Through the windows, clouds have formed thick gray walls that will break the humidity and will pour on Philadelphia as Frank finishes cruising his email, staying late to tackle his tasks.

It's a dramatic backdrop for a city now skeptical of grandiose technology proposals. Philadelphia has heard talk of wireless and WiFi, nodes and networks, inclusion and the digital divide since spring 2004, when then Mayor John Street first announced his Wireless Philadelphia initiative. An initiative doomed to fail.

"We have to light a fire under their ass," Frank says.

"Just as roads and transportation were keys to our past, a digital infrastructure and wireless technology are keys to our future," Street said in 2005 press release announcing the Wireless Philadelphia business plan.

Today, Allan Frank's vision invokes similar possibilities when he speaks of Digital Philadelphia.

News of Digital Philadelphia has barely tossled the city out of a technological slumber. Even media, so in love with tech talking points, seems to dismiss it; An op-ed in the Philadelphia Inquirer by broadband activist and co-founder of Media Mobilizing Project Todd Wolfson, and a short blurb in Philadelphia's City Paper by tech beat reporter Morgan Davis, are all that's been fit to print.

It could be that the plan is so new that it's hardly a plan at all.
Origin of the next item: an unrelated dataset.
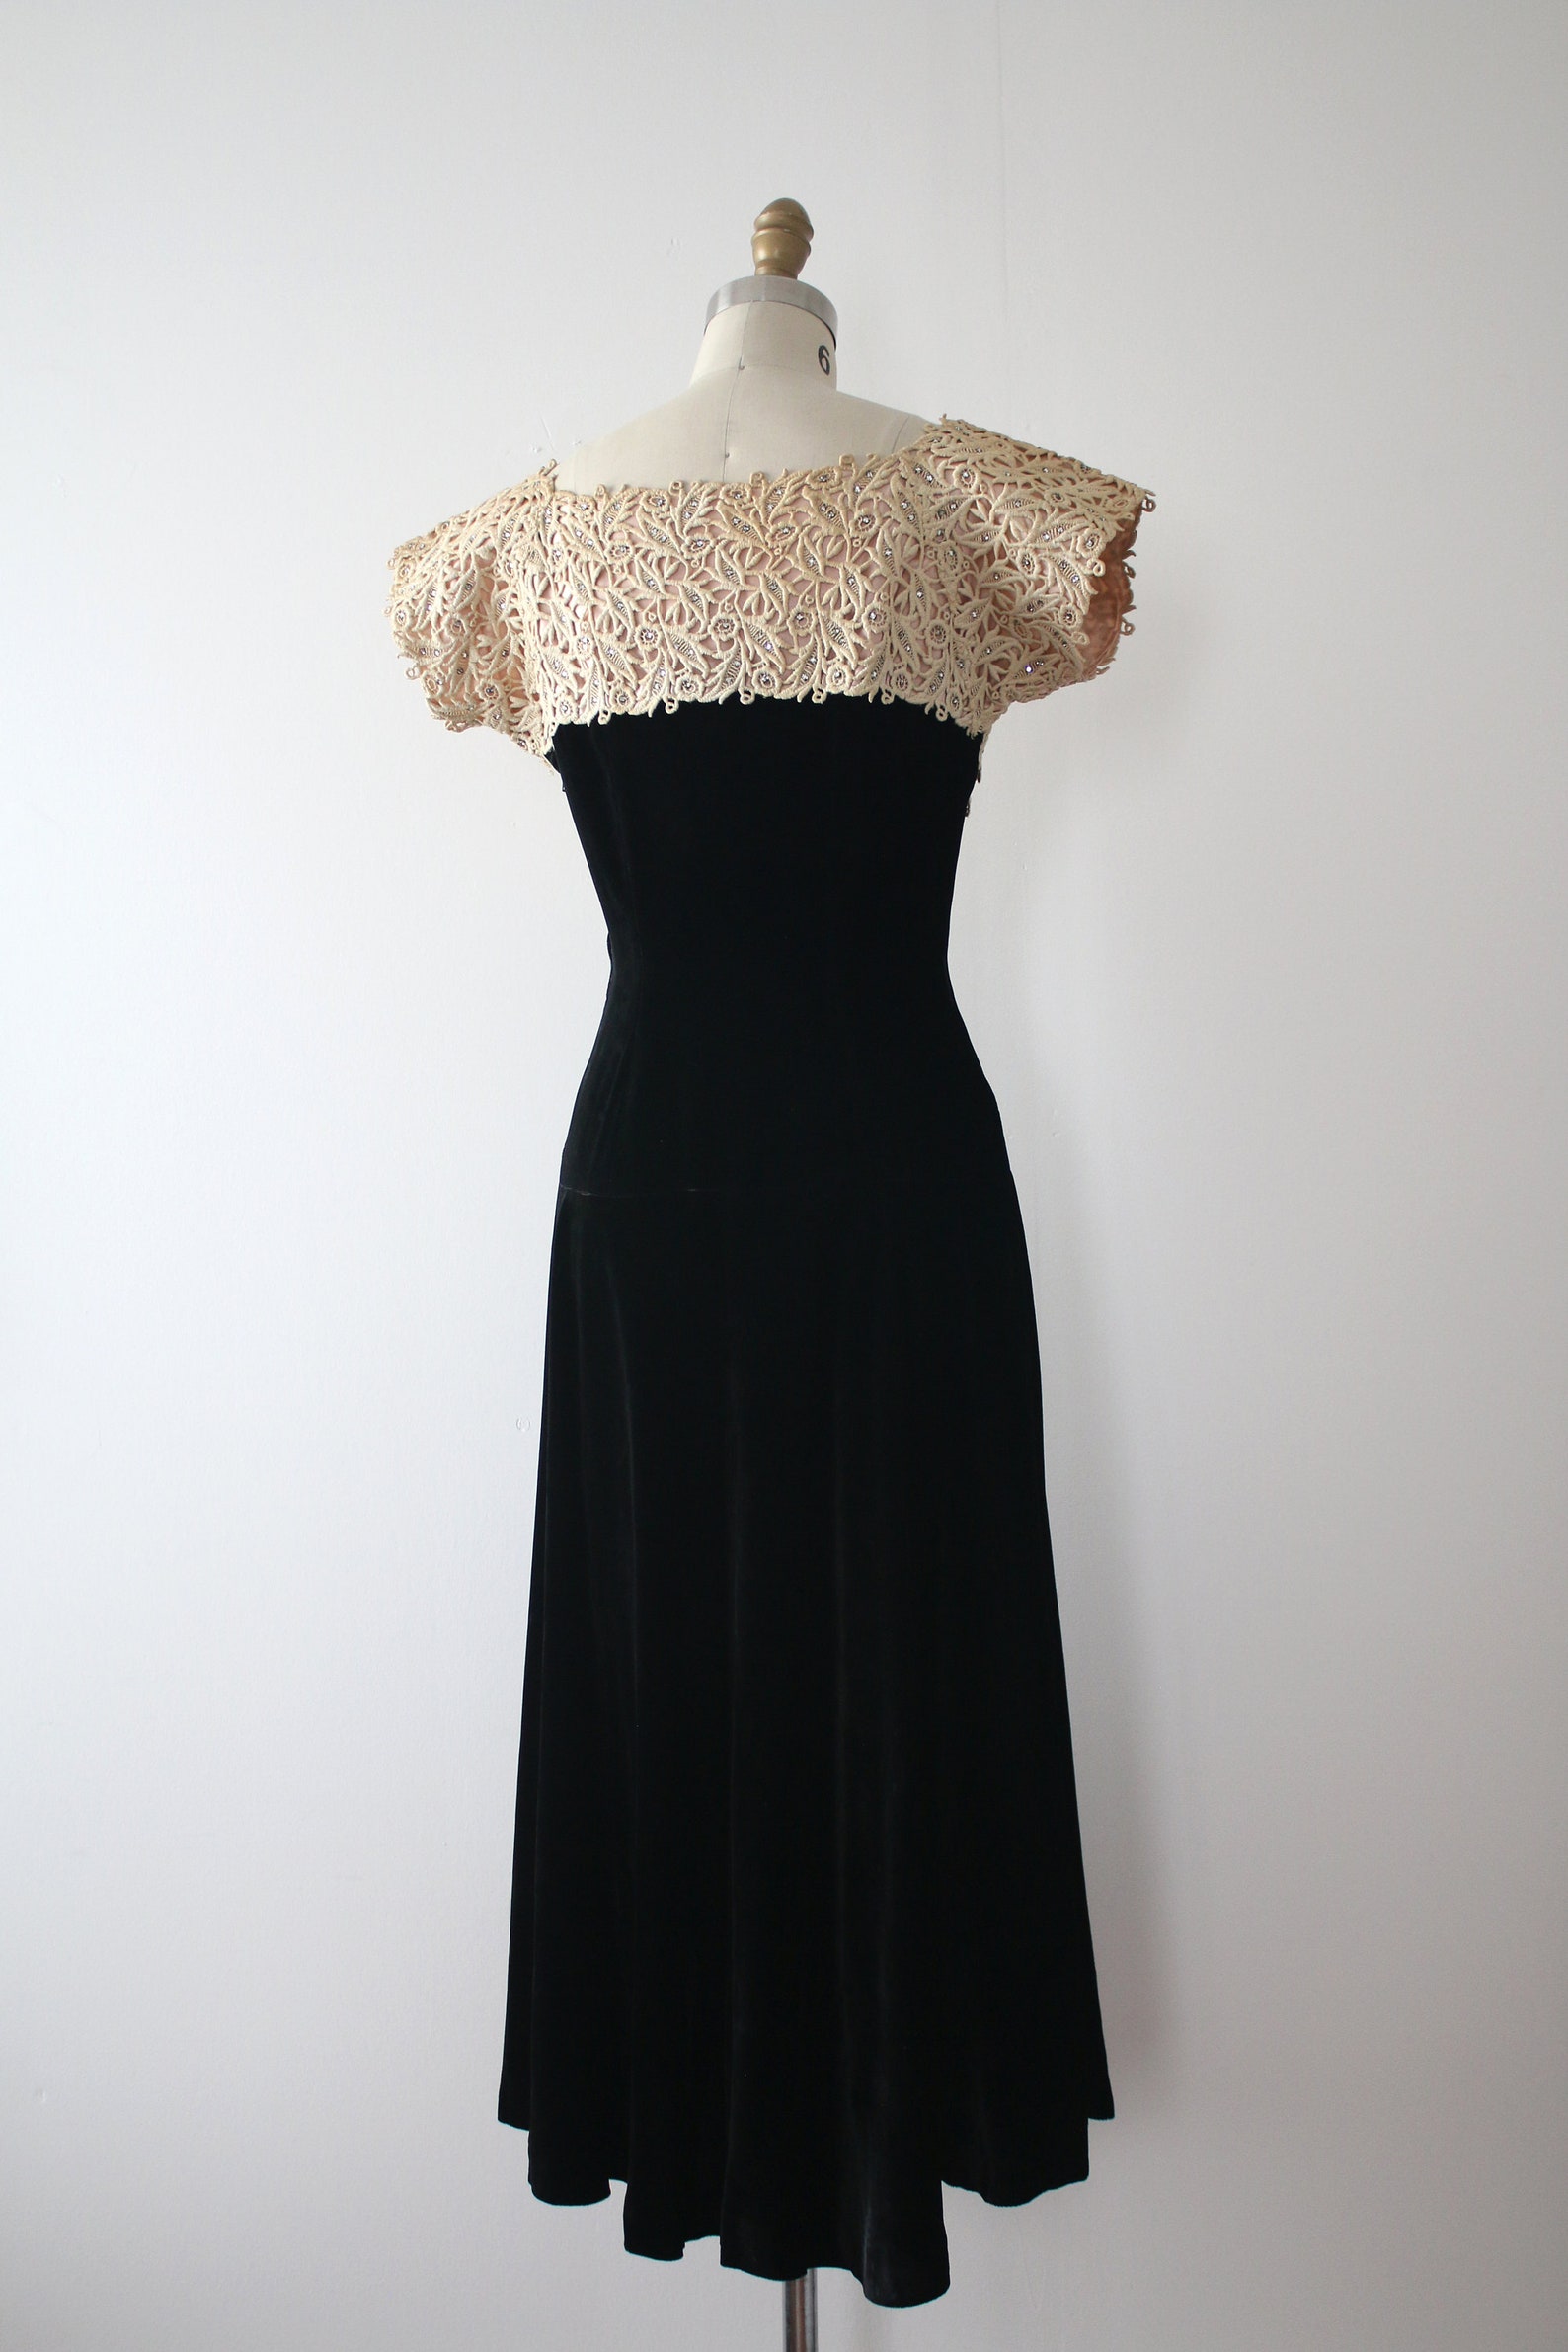 Vintage 1940s velvet & lace dress | Etsy

Or that Frank's vision is criticized, off-the-record by influential members of Philadelphia's technology community—including members of executive advisory committees helping shape the stimulus application—because his language and plans are too broad, too eyes-wide to be tackled.

But with the conversation open to dozens and dozens of public and private organizations, who Frank has solicited for input and as potential partners for Philadelphia's technology future, it could be said that Digital Philadelphia is posited for success.

For Philadelphia's technology community would like anything but to fail, once again, to create the foundations for a 21st century creative economy that thus far, has had little influence in the once Workshop of the World.